そこで、当社は本体重量を750gとした上で、世界初の電子式手ブレ補正技術「ファジィ・ジャイロ」を開発しました。これは、手ブレによりカメラが動いたのか、被写体が動いたのかを即座に判断してブレを補正する技術です。1990年、これを搭載したビデオカメラ「ブレンビー」が誕生。ユニークなネーミングの後押しもあり⼤ヒットしました。この商品の登場で、お客様のニーズが“コンパクトで軽い”から“手ブレしないきれいな映像が撮りたい”にシフトしました。
続いて、運動会撮影など“遠くのものを撮りたい”というお客様のニーズに応えて、ズーム機能を進化。1991年に従来の光学6倍から8倍へ、1992年には光学10倍、電子ズームを併用することで100倍の超高倍率を実現。さらに、業務用のビデオカメラに用いられていた高解像度・高ダイナミックレンジ・高色再現性に優れた3CCD方式を、民生用ビデオカメラに初めて搭載した「ブレンビー・プロ NV-3CCD1」を発表しました。
アナログからデジタル、
さらにSDカードへ
1990年代に入るとデジタル化の動きが急速に進展。1992年にCS放送がスタートし、テレビやビデオの画質が飛躍的に向上すると、家庭用ビデオカメラにも高画質や高度な編集機能が求められ、アナログでは限界になってきました。当社はこれに対応し、1995年にデジタルビデオカメラ「デジカム NVDJ1」を発売。撮影した映像をダビングしても画質が劣化しないデジタル方式は一気に普及し、1999年に発売されたビデオカメラの約92%をデジタル方式が占めるようになりました。
2001年には、「SDカードを普及させる新しい使い方を提案する商品の開発」を目的としたプロジェクトがスタート。2002年に「動画、静止画、音声(音楽)を1台で楽しむ」というコンセプトの、カメラでもビデオカメラでもない、手のひらに乗るSDマルチカメラ「D-snap」が発売されました。

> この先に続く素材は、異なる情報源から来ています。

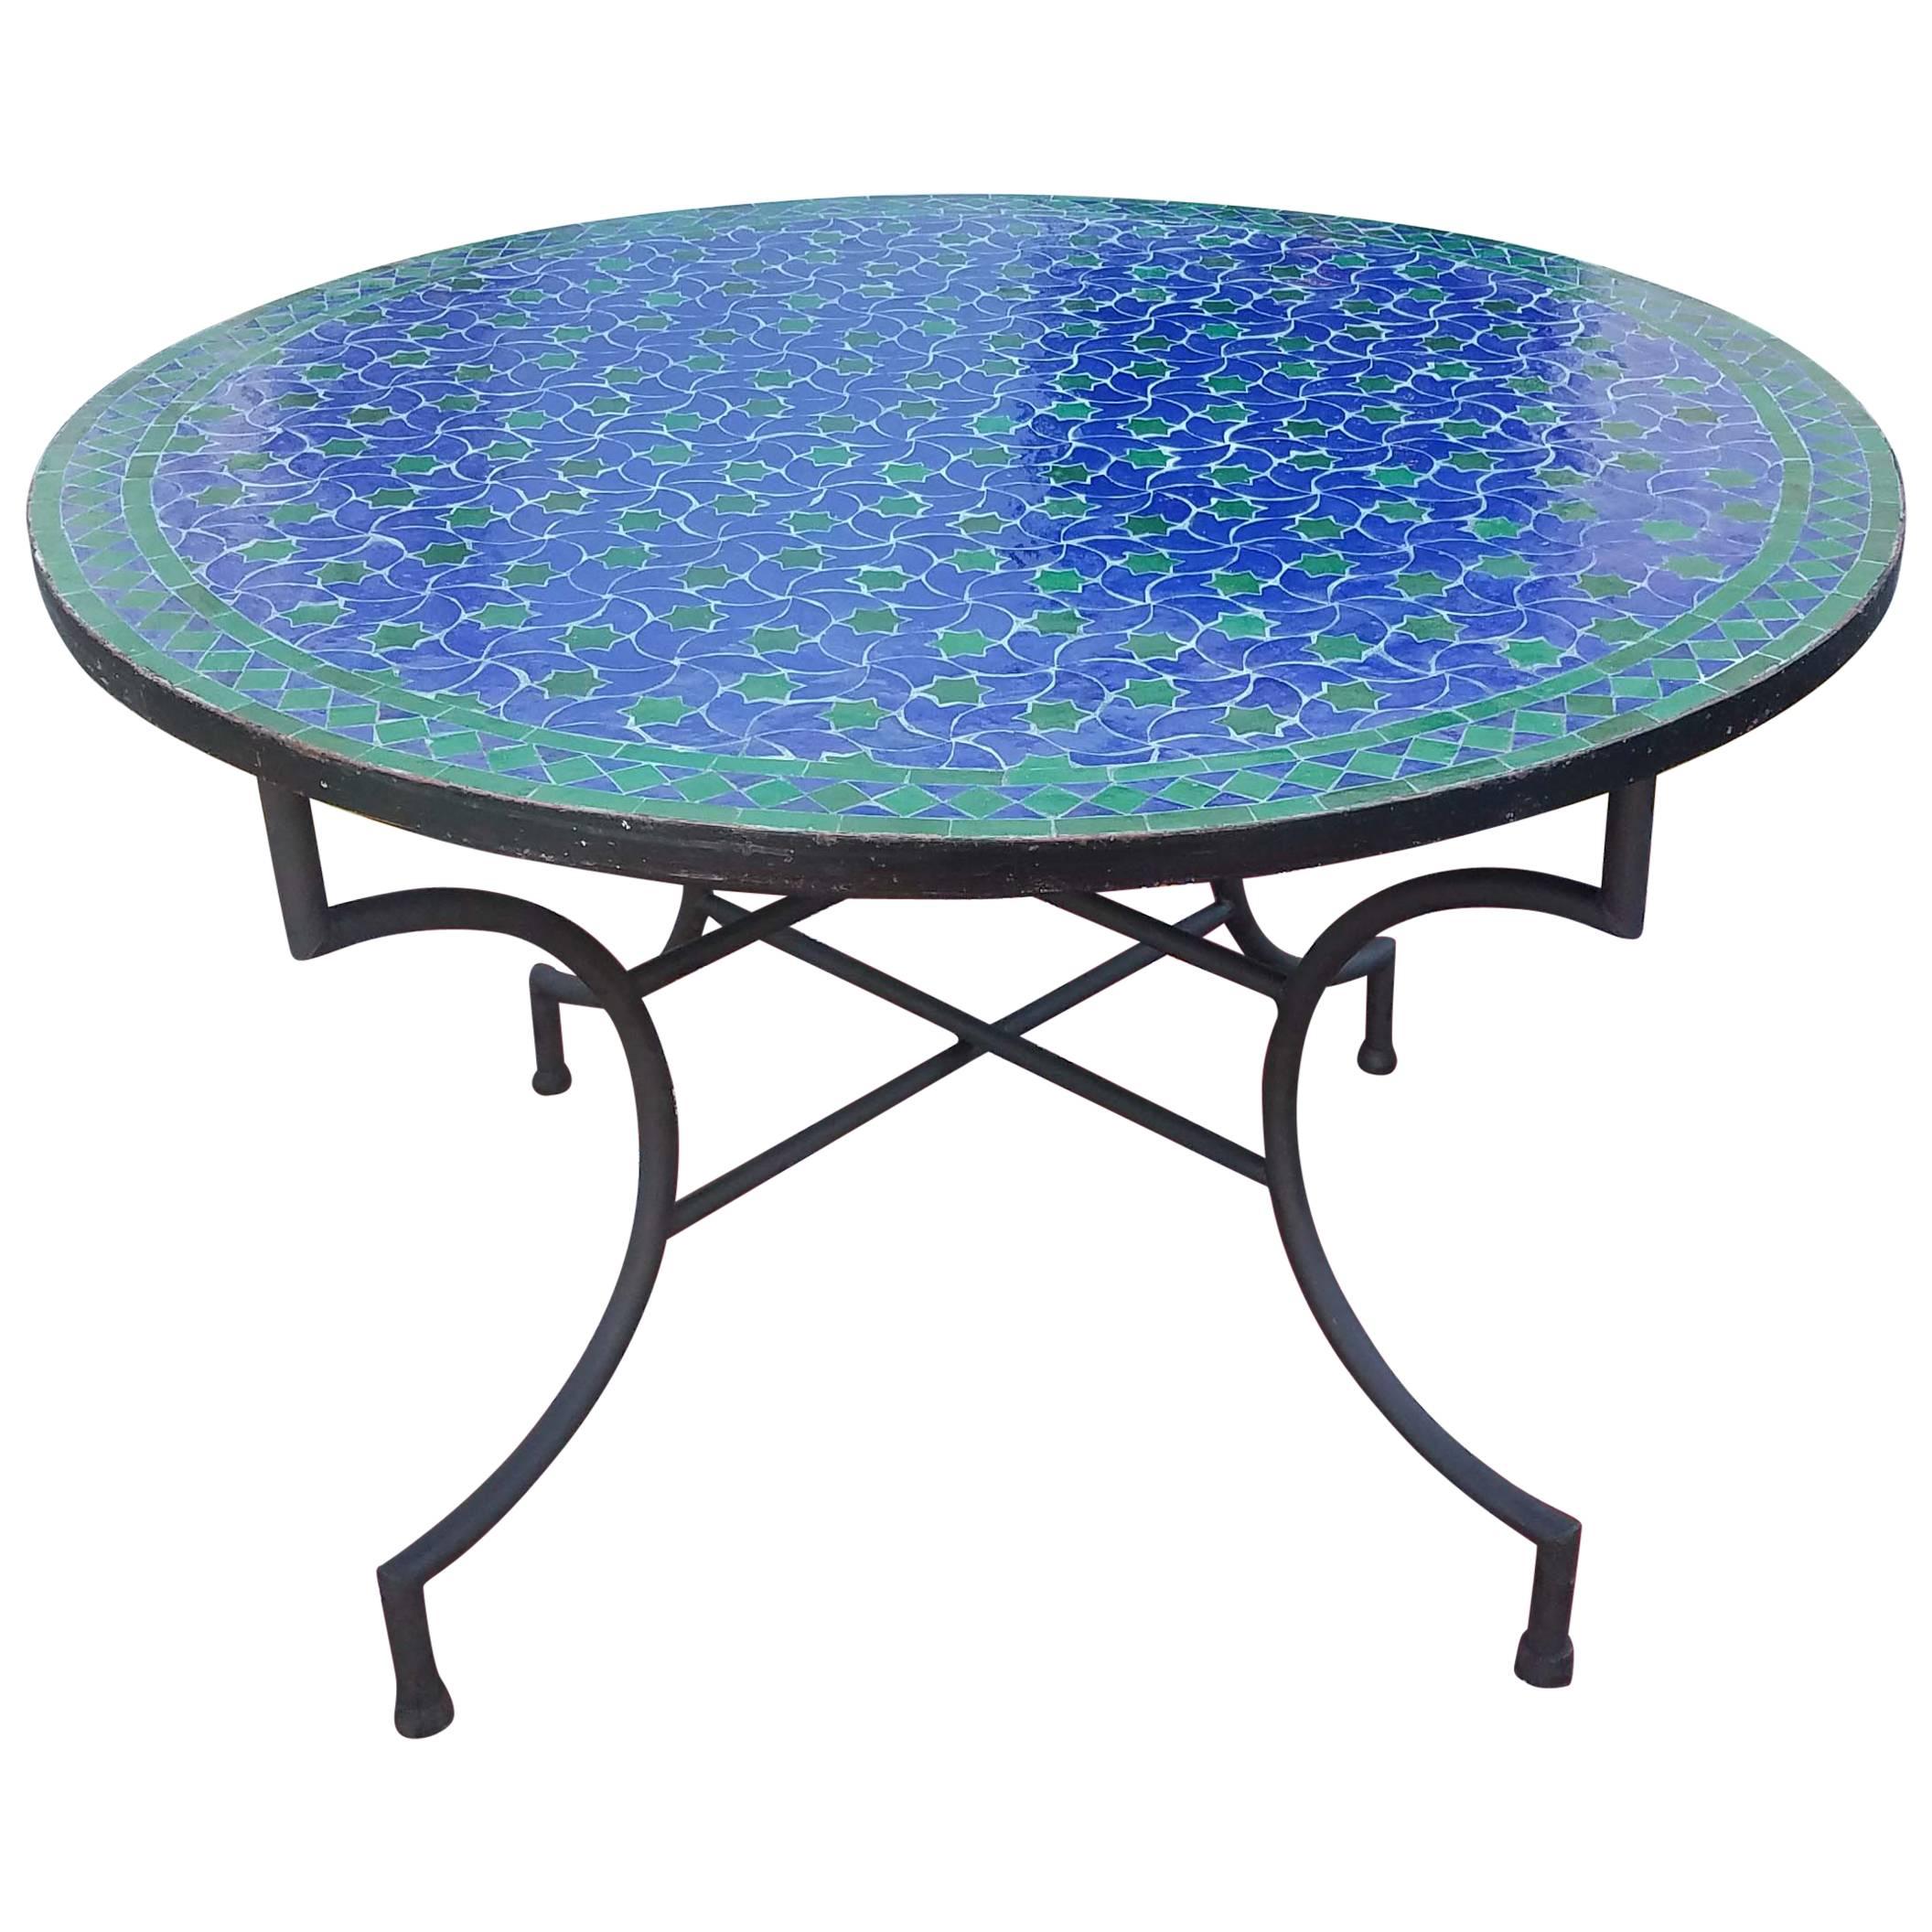 Round Moroccan Mosaic Table, Blue / Green

新規格対応、新技術採⽤でさらなる高画質・高⾳質を実現
2006年のブルーレイディスクの規格化で、ハイビジョン映像へのシフトが一段と進行。当社もこの動きに呼応してソニー株式会社と共同で、標準画質からハイビジョン画質へのシフトや、テープからDVD、SDカード、ハードディスクなどの多様なメディアに対応するための「AVCHD規格」を策定しました。同年、この規格に対応した世界最小・最軽量のデジタルハイビジョンカメラ「HDC-SD1」を発売、世界に先駆けてSDカードへのデジタルハイビジョン映像の記録を実現しました。
2008年には、AVCHD規格では世界初となる3 M O Sシステムを採用したビデオカメラ「HDC-SD100」を発売。これはそれまで当社の強みであった3CCDの特長を継承しつつ、さらに進化させたビデオカメラで、低消費電力化、小型化、電池の長寿命化を達成、世界初の最低照度2ルクスでの撮影も実現しました。
「4K高精細」「ワイプ撮り」により、国内トップシェアを獲得
2015年、テレビ放送などの新たな規格として注目される「4K」に対応し、1秒間に30フレームの記録を行う「30p」を実現したデジタル4Kビデオカメラ「HC-WX970M」を発売。この機種には、メインとサブの二つのカメラで撮影し、親画面の隅に小さく子画面を表示させて、臨場感のある映像を記録できる「ワイプ撮り」を搭載しました。
新しいユーザーニーズに応える商品開発により、当社は2015年に国内シェアトップを獲得、2018年まで4年連続で首位を維持し続けています。